Het pand is met ingang van 15 mei 2006 tijdelijk verhuurd aan een andere
huurder, die medio januari 2007 het pand verliet. De Stichting heeft daarna
besloten om de verdieping (verder) op te knappen. De verdieping is opnieuw
geschilderd, er is een nieuwe keuken geplaatst en het perceel is opnieuw
gestoffeerd in verband met verhuur van de verdieping per 15 april 2007. De
verf was derhalve nog nat toen de verdieping gekraakt werd. De verfspullen
van de schilders stonden er zelf nog in.
Op 5 april, derhalve nog dezelfde avond dat het pand gekraakt is, is
aangifte gedaan bij de politie. De politie deelde na overleg met de Officier
van Justitie mede deze avond niets te kunnen ondernemen. De dag erna zou er
intern overleg plaatsvinden over wat er ging gebeuren, nadat de
bewijsstukken door de Stichting waren overhandigd, zo blijkt ook uit het
proces-verbaal dat die avond daarvoor werd opgemaakt. Deze gevraagde
bewijsstukken zijn voor zover deze al niet waren overgelegd nog de volgende
morgen door de Stichting overhandigd.
In plaats van die dag direct tot ontruiming over te gaan, kwam de politie
niet verder dan een "bemiddelingspoging", een vriendelijk verzoek aan de
krakers om het pand uit eigener beweging te verlaten. De krakers weigerden
dat. Volgens hen stond de verdieping langer dan een jaar leeg. De politie
die inmiddels wist dat het anders lag en die ook één en ander bleek te
hebben nagevraagd, ging echter niet tot actie over.

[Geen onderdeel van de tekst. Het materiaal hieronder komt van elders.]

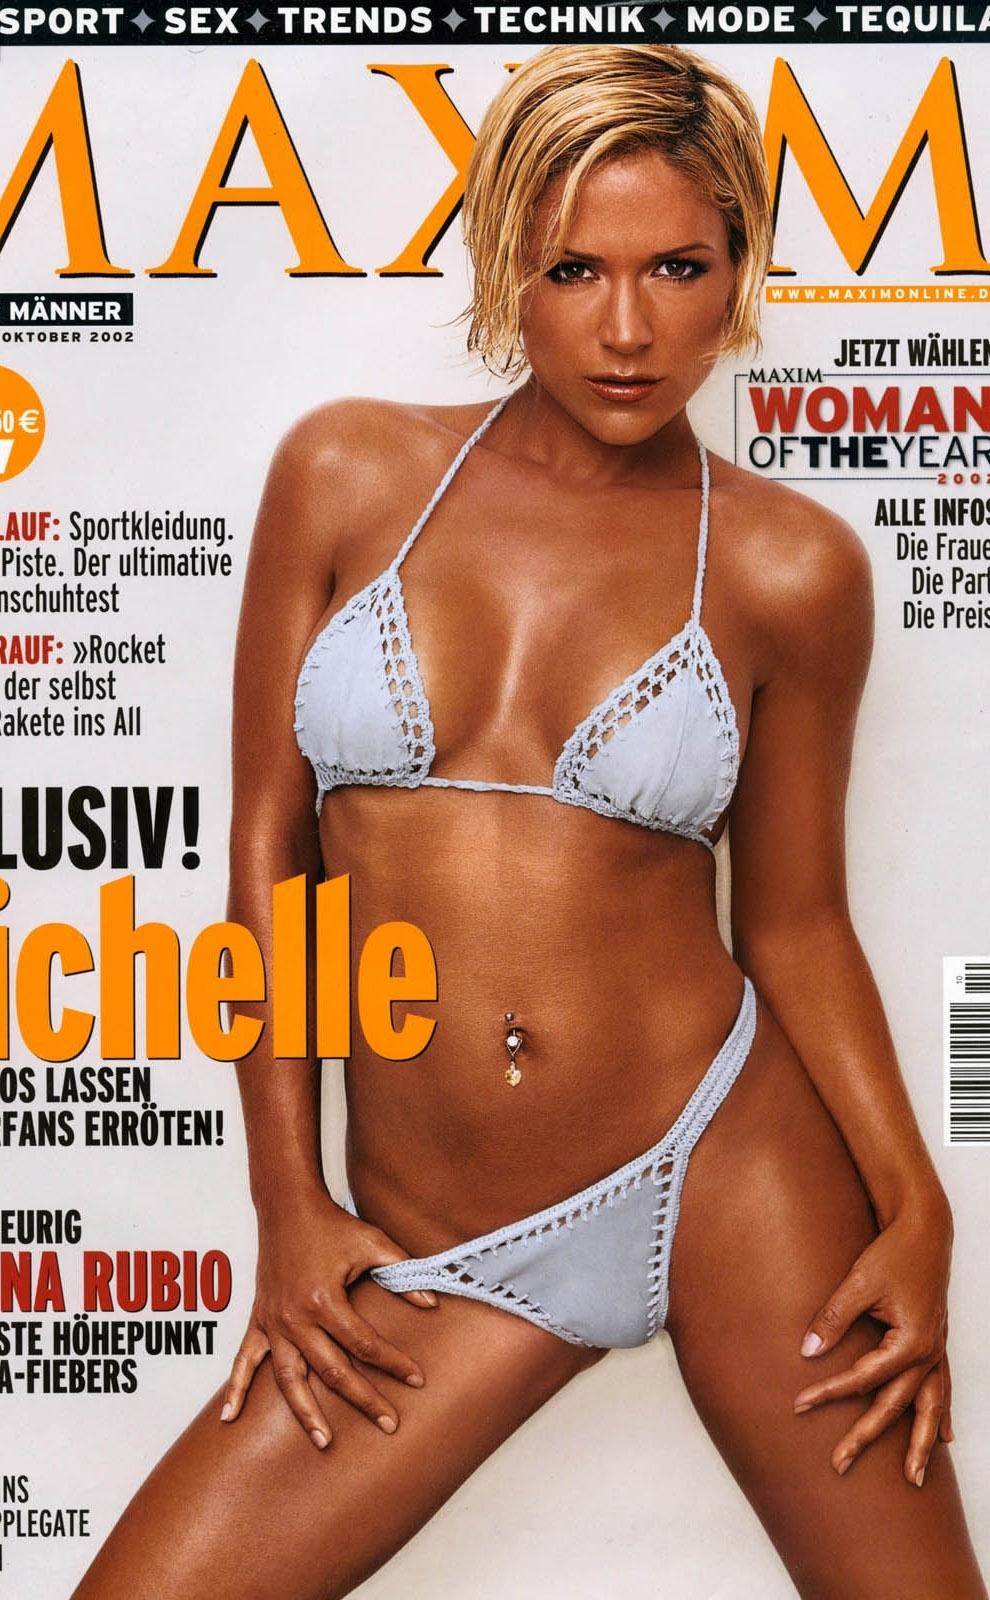 Мишель (Таня Хьюер) голая. Фото - 42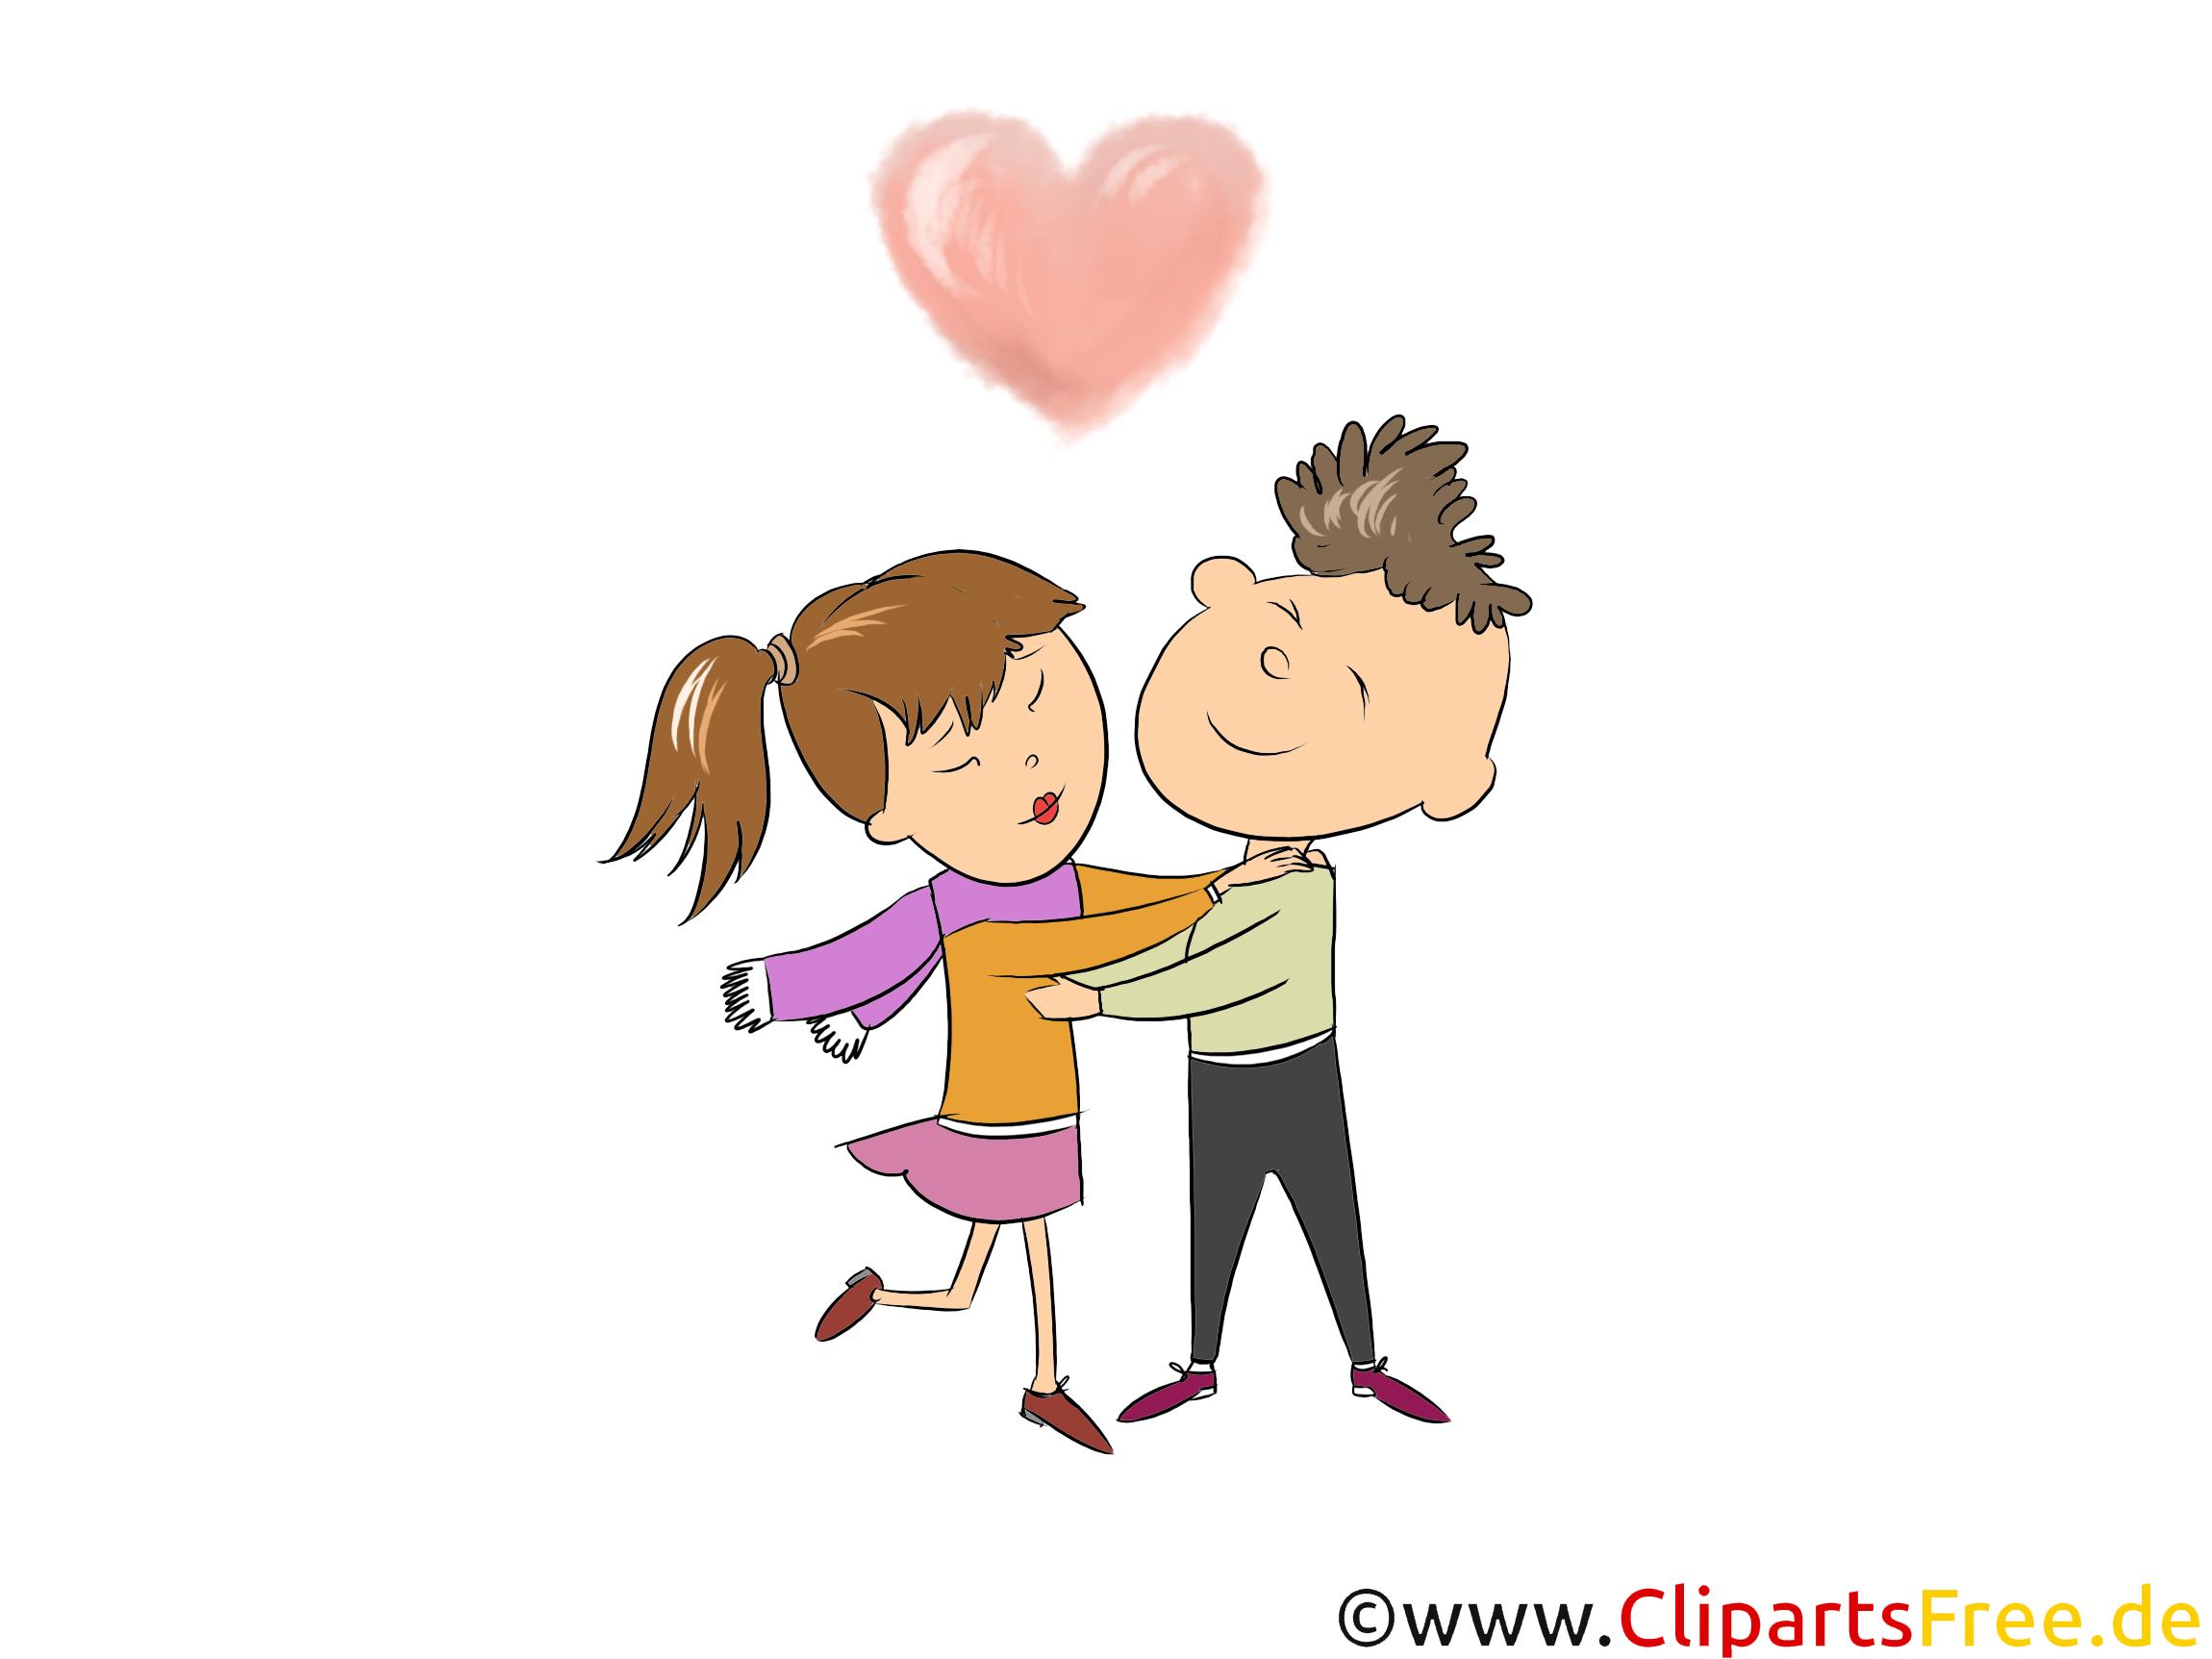 Partnersuche Clipart, Bild, Illustration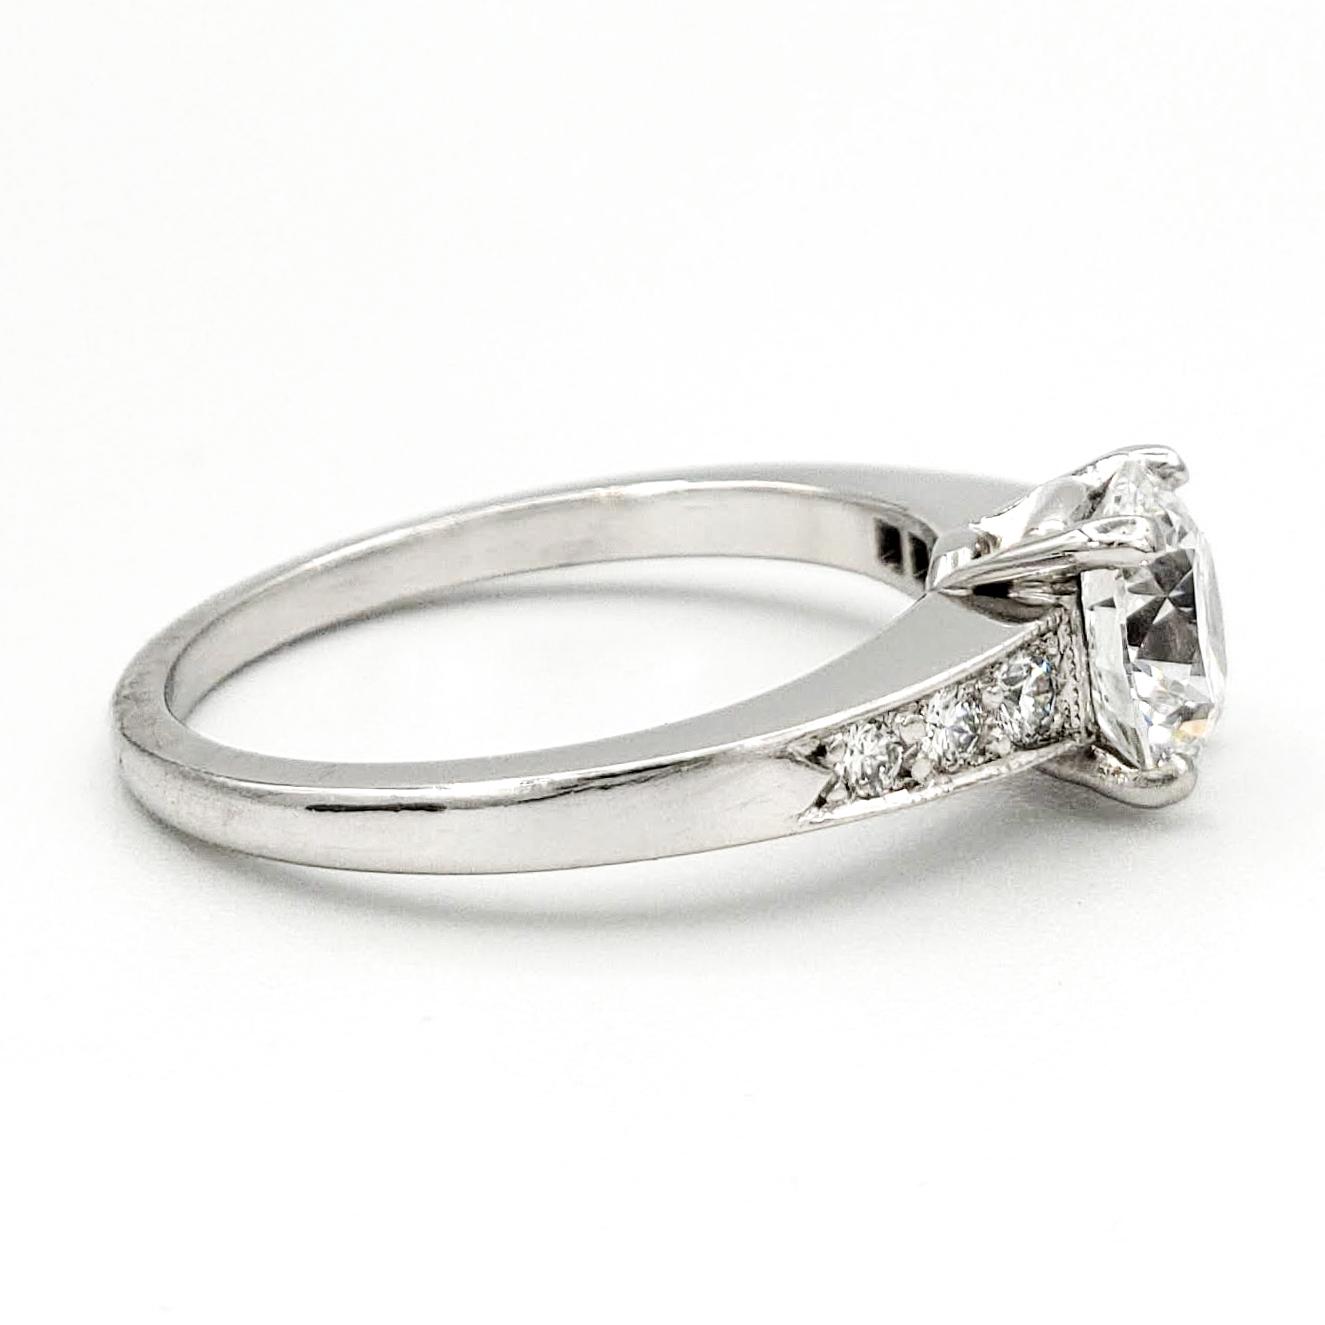 vintage-platinum-engagement-ring-with-1-04-round-brilliant-cut-diamond-gia-d-vvs2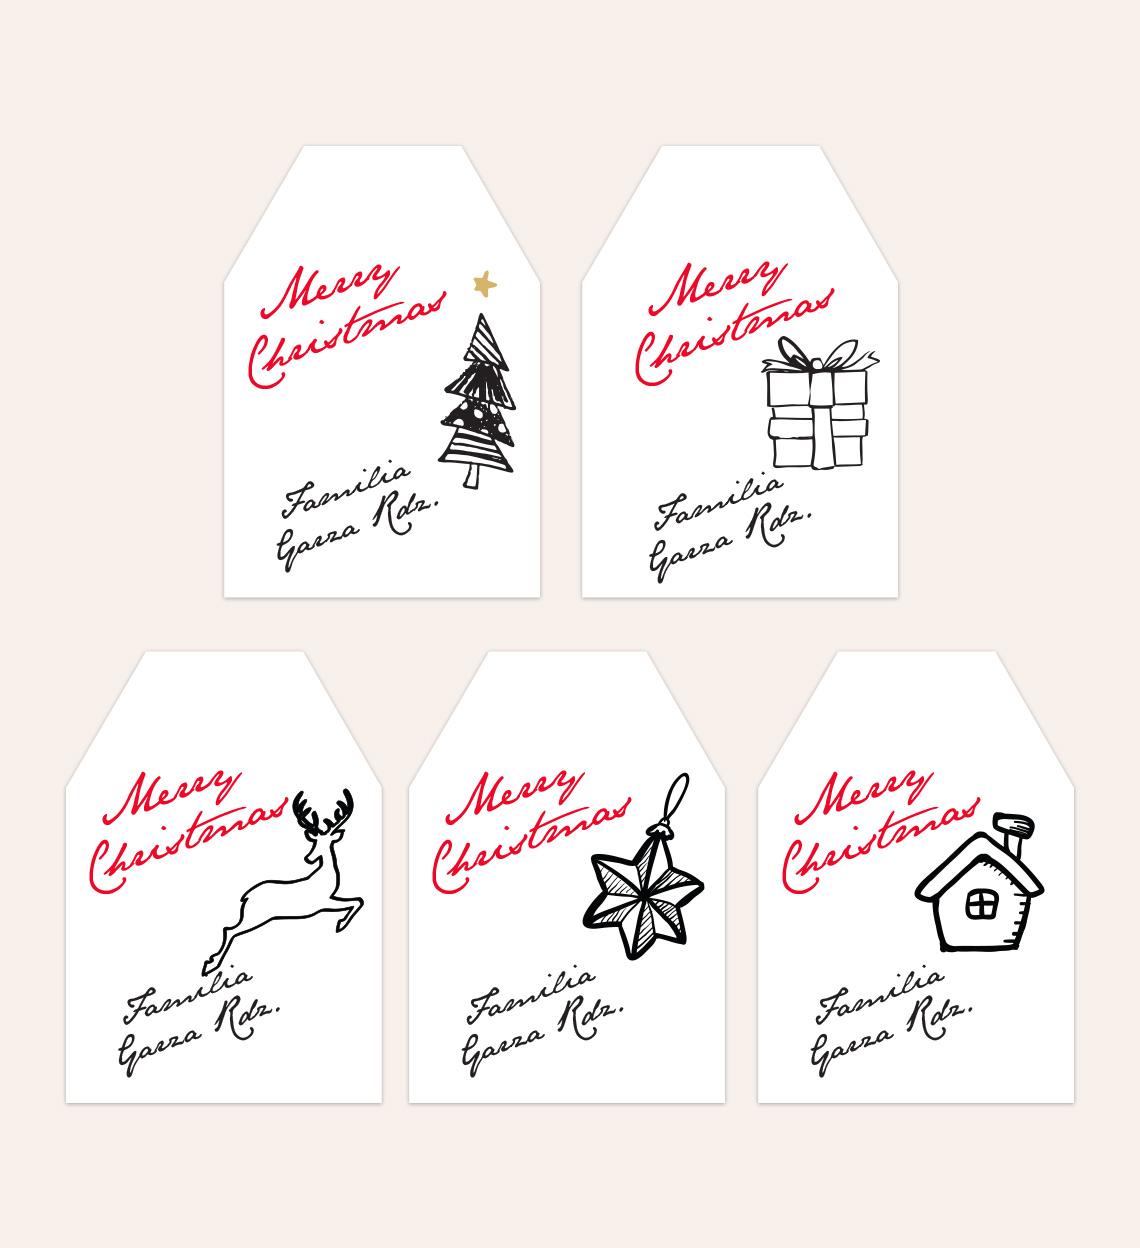 Diseño Etiquetas Dibujos Navideños

Een kraker kan derhalve in Amsterdam ongestraft strafbare feiten begaan om
het vervolgens op een bemiddelingspoging met de politie te laten aankomen en
deze daarna uit te lachen.
Op 10 april 2007 schreef de advocaat van de Stichting de politie een brief
waarin zij, zij het nu schriftelijk, aandrong op een spoedige ontruiming ter
beperking van voorlaatste huurder, huurder verdere schade. De ontruiming
werd ook gevraagd omdat het pand per 15 april jl. verhuurd was. Er werd bij
deze brief, zoals gevraagd door de politie, ook een verklaring van de
voorlaatste huurder die de verdieping op 1 mei 2001 gehuurd had,
overhandigd. In deze verklaring verklaart deze expliciet dat zij de
verdieping die zij tot 1 mei 2006 gehuurd had als gevolg van een niet
verlenging van de huurovereenkomst, eind april 2006 verlaten had.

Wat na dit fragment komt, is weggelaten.